风雷裹挟着扬起的尘土,使本就破败的土地庙中更显得空旷与败落。
土地赵构就坐在他的杖上,不动如松。而封在泥胎中的司徒健汴更是动弹不得,
他们都在安静或被动地安静着等待属于自己的宿命。
“贤弟。你的烟云驹。借我一用。“秦铁臣成一丝客气的感觉也没有
判官崔复明看着秦铁成掩不住的慌张问道,
“铁城兄,怎么了?发生了什么事?”
秦铁成举起自己的手。掌中一点鲜红在他一身白衣和修长的手掌中显得分外扎眼
“难不成是武大泯了?”
秦铁成那俊美的脸本就苍白,现在显得愈发的苍白。他的嘴角不受控制的抖动了几下,随即点了点头,算是一种默认。

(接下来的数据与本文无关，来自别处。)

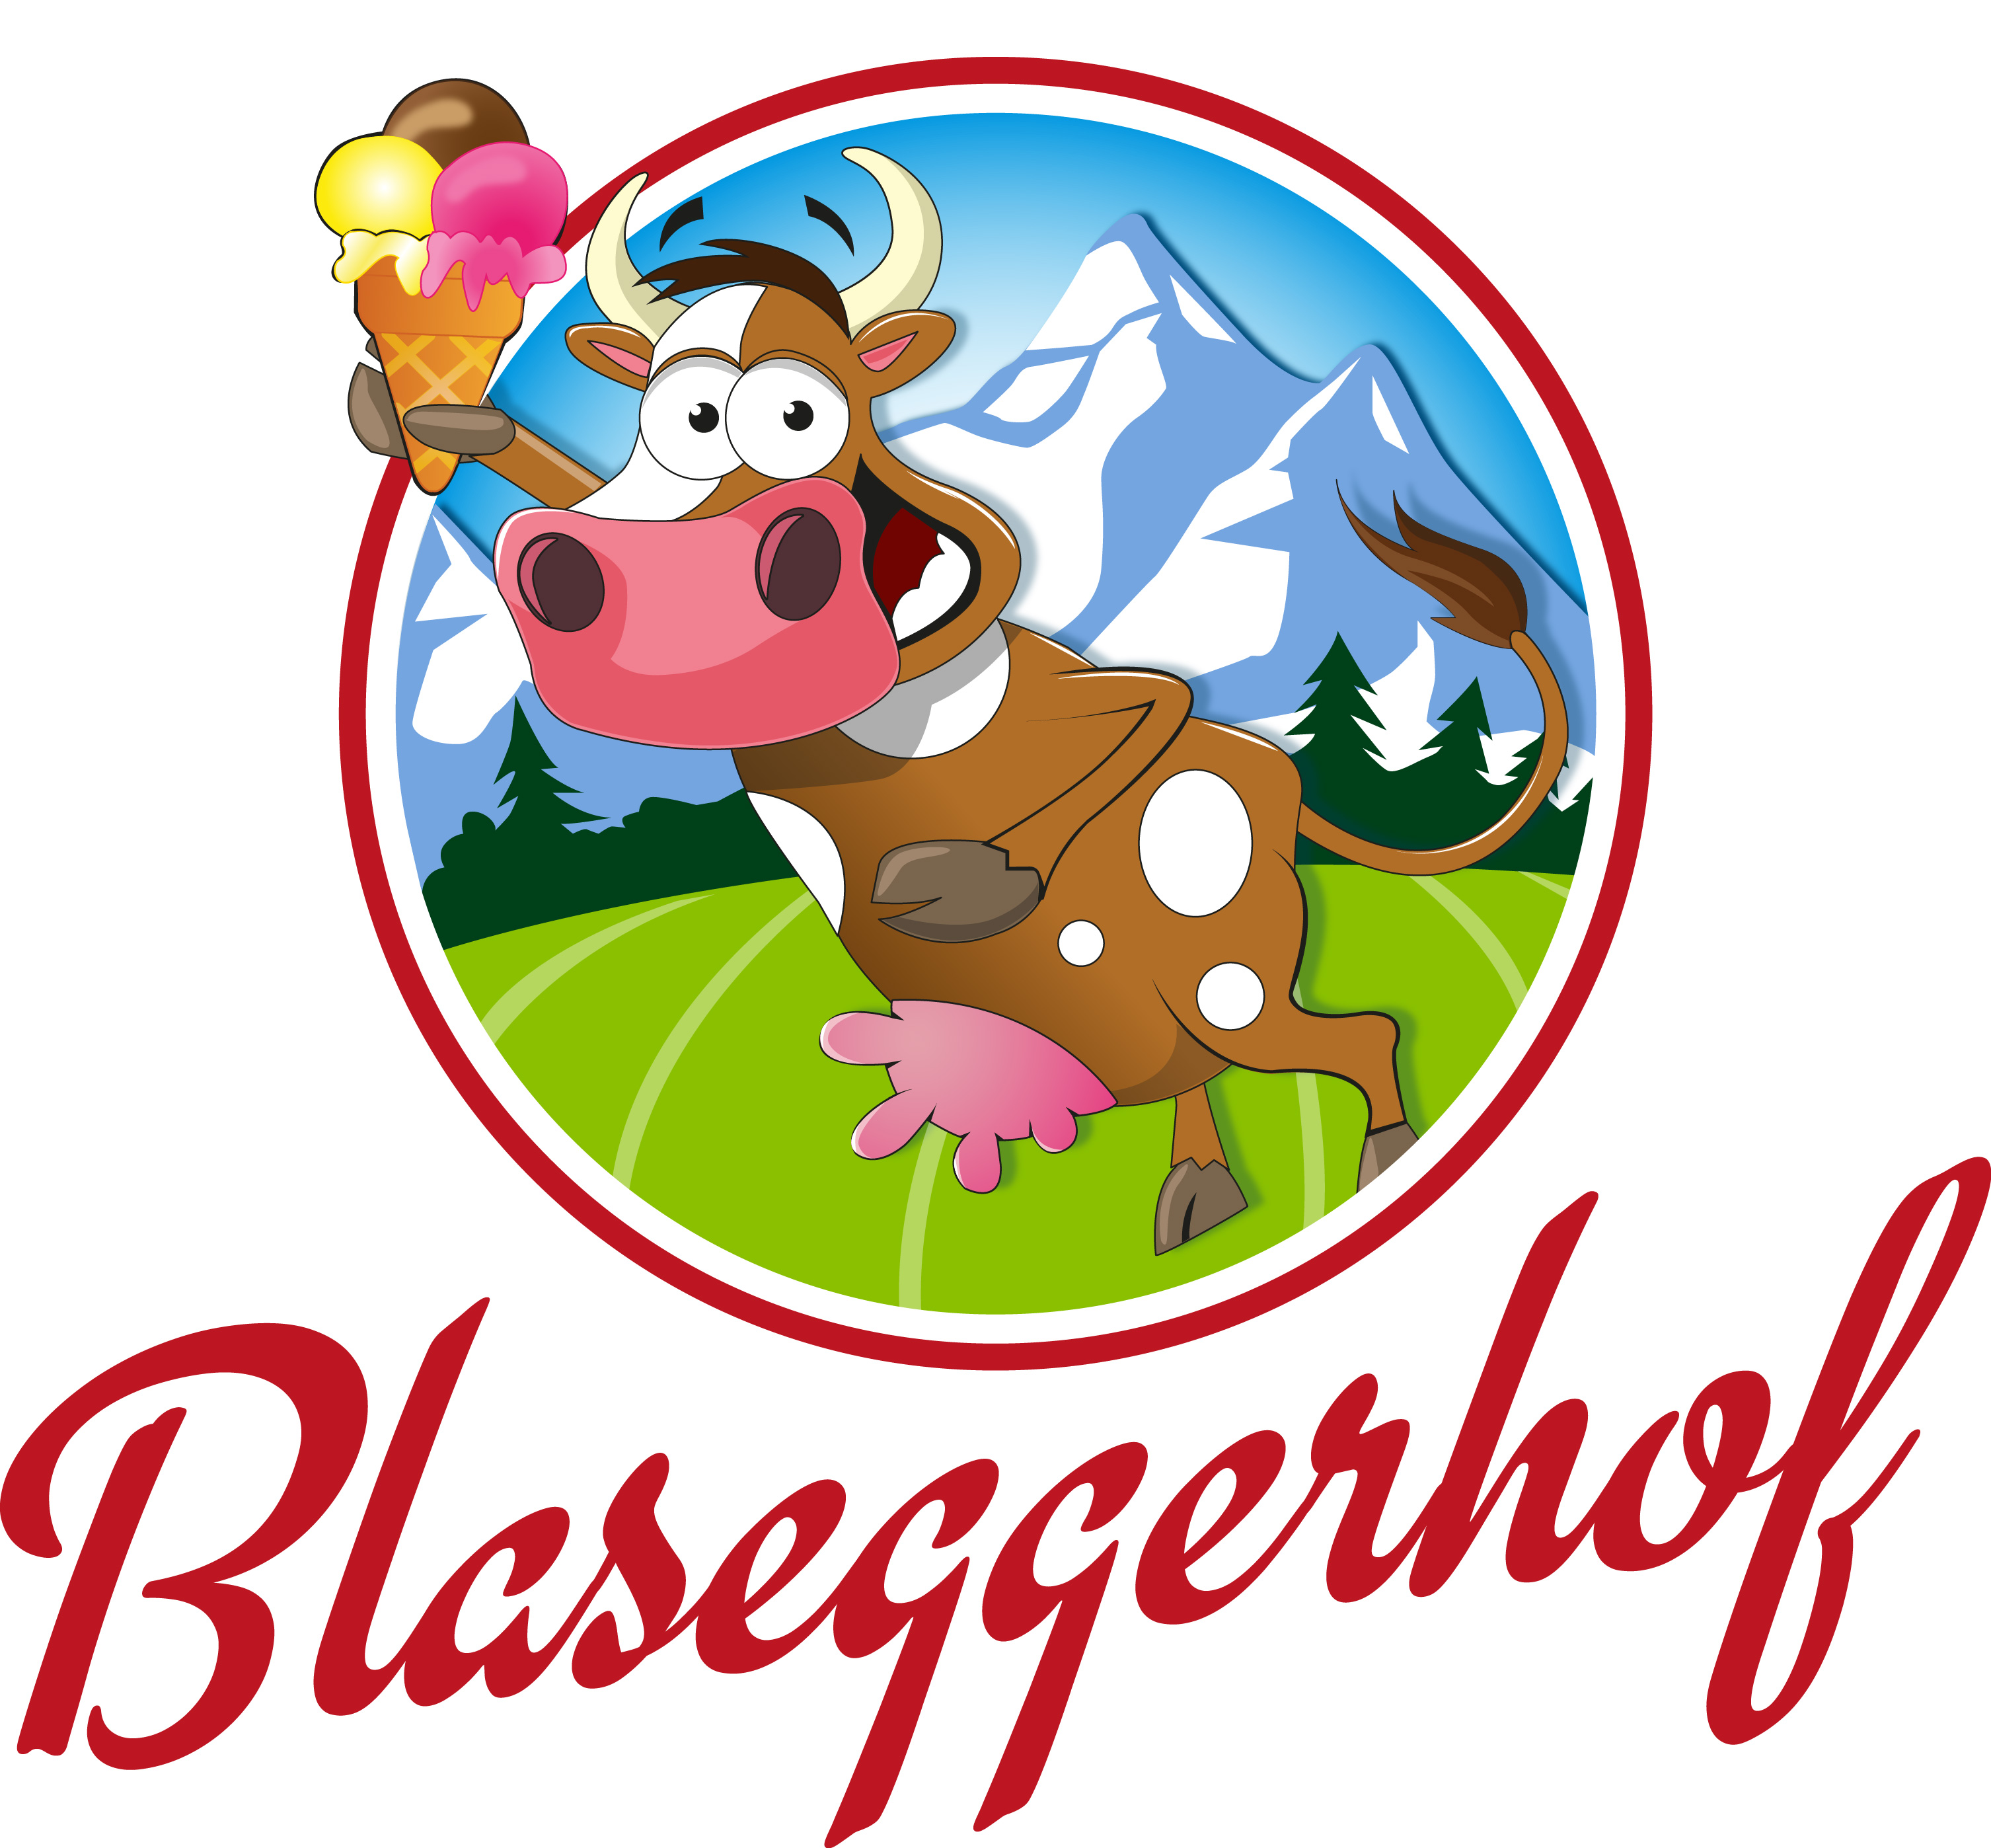 (c) Blaseggerhof.com
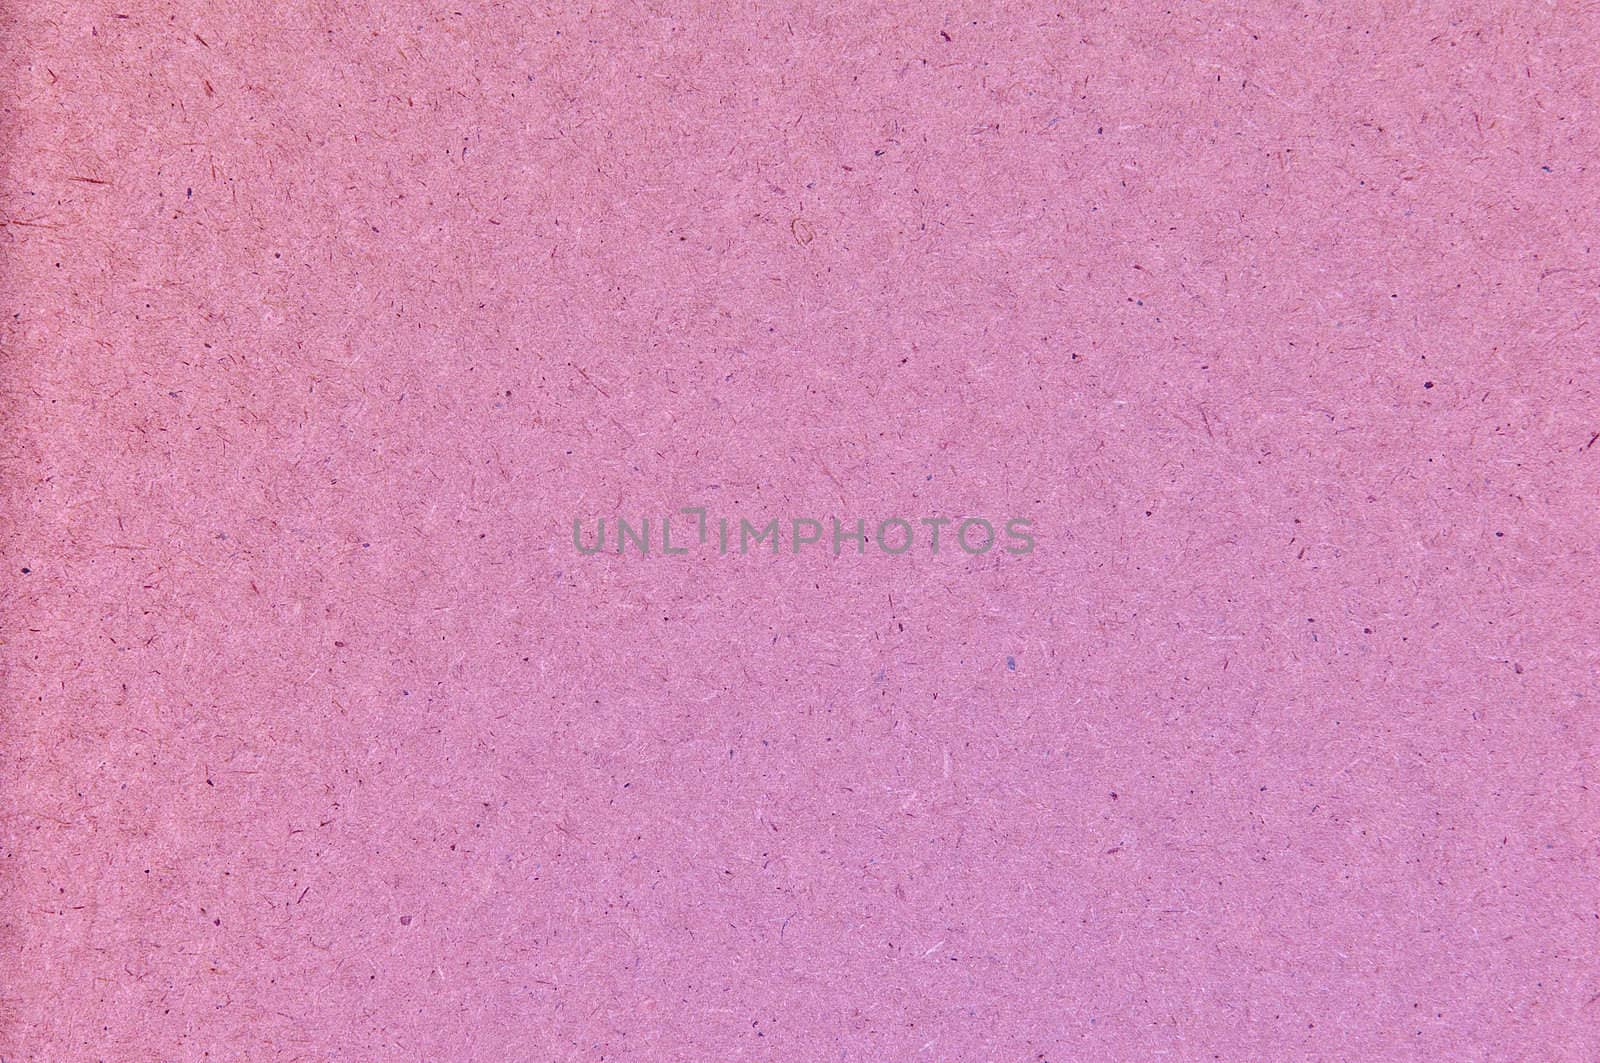 Background the old cardboard pink color by LeksusTuss

“来人,速去将我的烟云驹牵来,对了。顺带把九尾银狐裘也拿上,铁城兄。事情蹊跷,我与你同去一趟,”
“不必,那城隍小儿,欺我兄弟,泯他性命,将他灭世间。我们本是阴人。阳世人若没了还有个寻处,我们呢?”说到这里,秦铁成悲痛的脸上划过一丝苦笑,只是他那失神的眸子中更多的是憎恶
“复明,浑水我趟惯了,你不必跟去。事关那小子的东西,我回来再看。”说话间几个小鬼已经将崔复明的坐骑牵来,
此马生的头若斗牛。豹尾狮身,双目赤红,尾若游龙。独独四蹄全无,只有两团氤氲的气体飘忽不定。因能往返于天地人三界,且本就四蹄驾云。所想之地,转念便至,故而幻作烟云驹。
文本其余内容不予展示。